## Tuesday, March 2, 2010

### Measuring the distance between two meshes (2)

Second part of the "metro" tutorial, the first part is here.

Remember that MeshLab uses a sampling approach to compute the Hausdorff distance taking a set of points over a mesh X and for each point x on X it searches the closest point y on the other mesh Y. That means that the result is strongly affected on how many points do you take over X. Now assume that we want color the mesh X (e.g. the low resolution one) with the distance from Y.
In this case the previous trick of using per vertex color will yeld poor results, given the low resolution quality of the mesh.
Let's start again with our two HappyBuddha, full resolution and simplified to 50k faces.
Therefore first of all we need a denser sampling over the low res mesh, that means that we compute the Hausdorff distance we set the simplified mesh as sample mesh, the original happybuddha as target, we set a face sampling with a reasonable high number of sampling points (10^6 is ok) and, very important, we ask to save the computed samples by checking the appropriate option.

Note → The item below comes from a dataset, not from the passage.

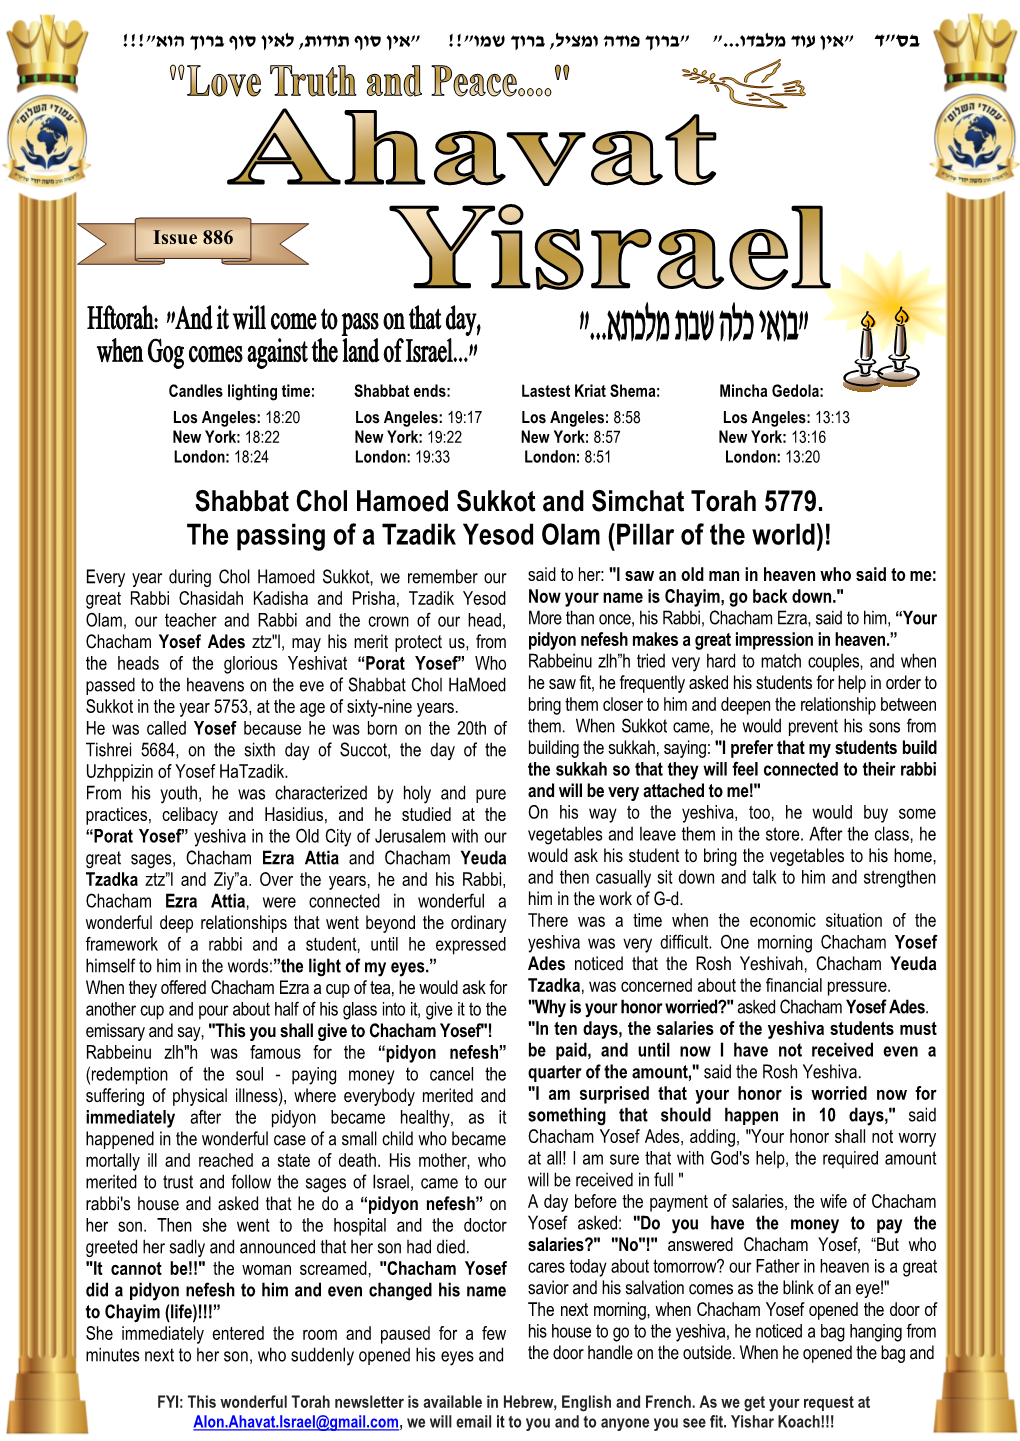 Shabbat Chol Hamoed Sukkot and Simchat Torah 5779. the Passing of a Tzadik Yesod Olam (Pillar of the World)!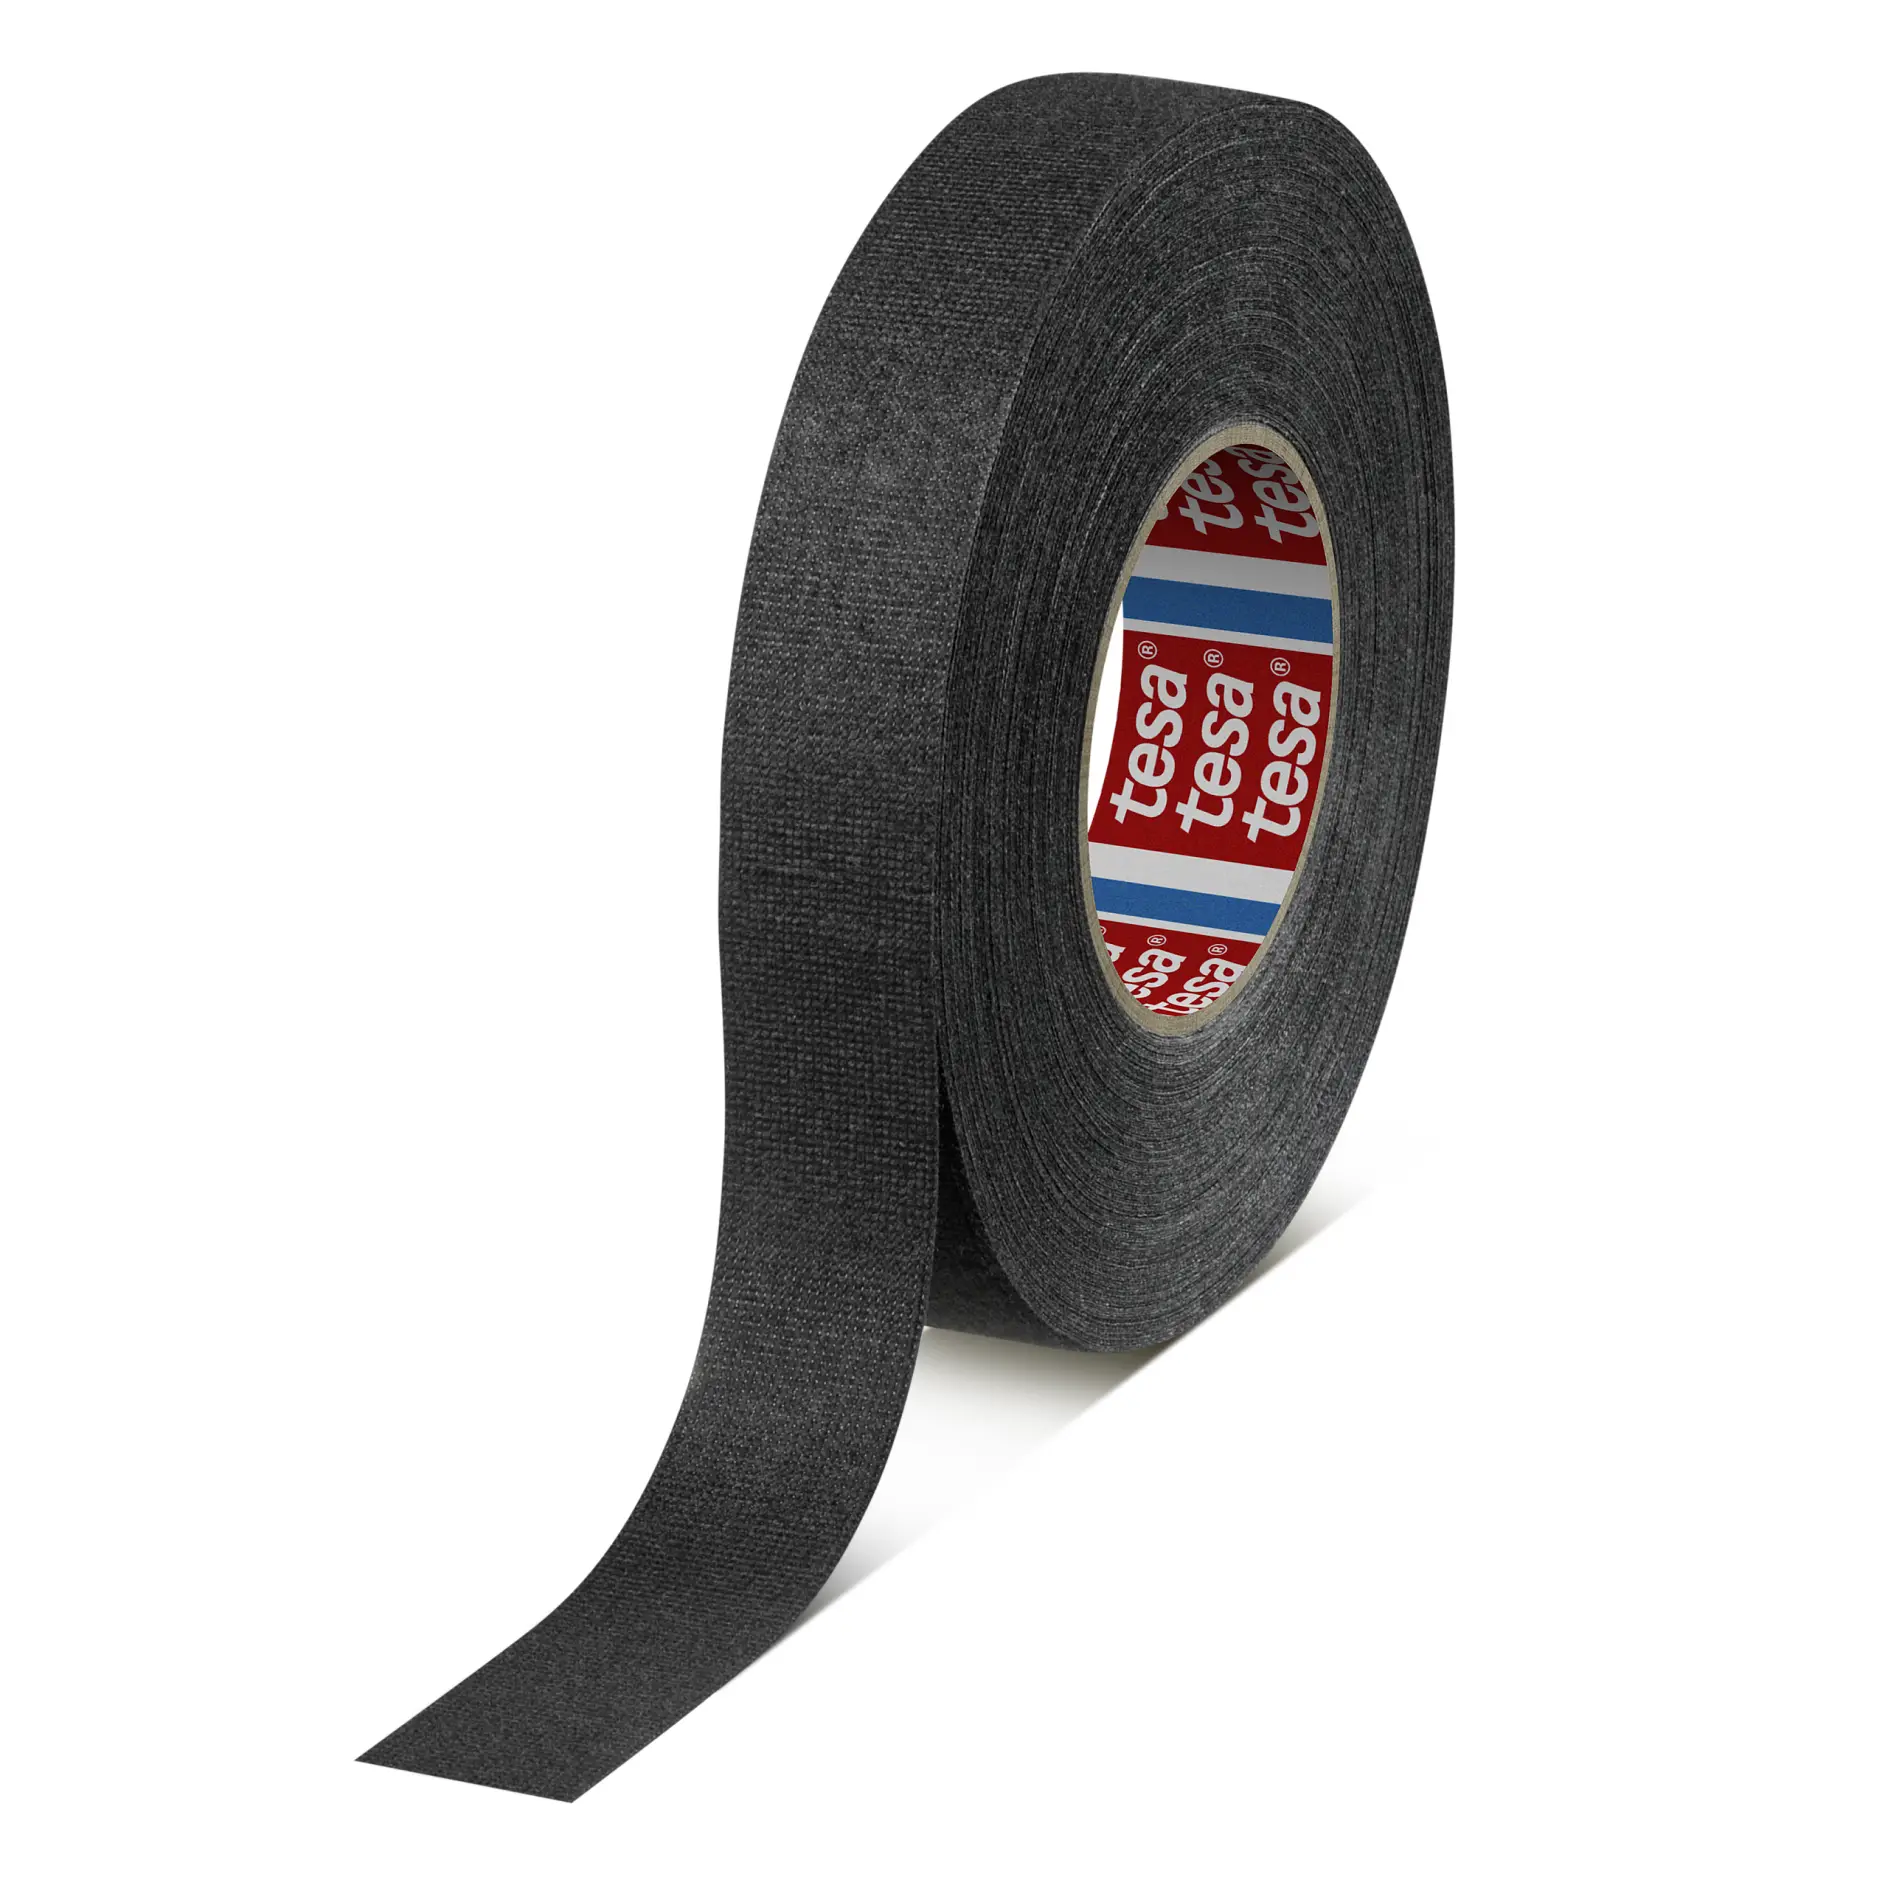 tesa-51609-pet-fleece-tape-flexibility-noise-damping-black-516090000600-pr

After a few secs you will see in the layer window two new layers that contains the point clouds representing respectively to the sample taken over the simplified mesh and the corresponding closest points on the original meshes.

To see and inspect these point clouds you have to manually switch to point visualization and turn off the other layers. Below two snapshots of the point cloud (in this case just 2,000,000 of point samples) at different zoom level to get a hint of the cloud density)

Then, just like in the previous post, use the Color->Colorize by quality filter to map the point cloud of the sample points (the one over the simplified mesh) with the standard red-green-blue colormap.

Now to better visualize these color we use a texture map. As a first step we need a simple parameterization of the simplified mesh. MeshLab offers a couple of parametrization tools. the first one is a rather simple trivial independent right triangle packing approach while the other one is the state of the art almost isometric approach . Let's use the first one (more on the latter in a future post...) simply by starting Texture->Trivial Per-Triangle Parametrization. This kind of parametrization is quite trivial, with a lot of problems (distorsion, fragmentation etc) but on the other hand is quite fast, simple and robust and in a few cases can even be useful.

Now you have just to fill the texture with the color of the sampled point cloud; you can do this with the filter texture->Transfer color to texture and choosing an adequate texture size (be bold and use a large texture size...). Below the result with a comparison about error color coded  using a texture or simply the color-per-vertex.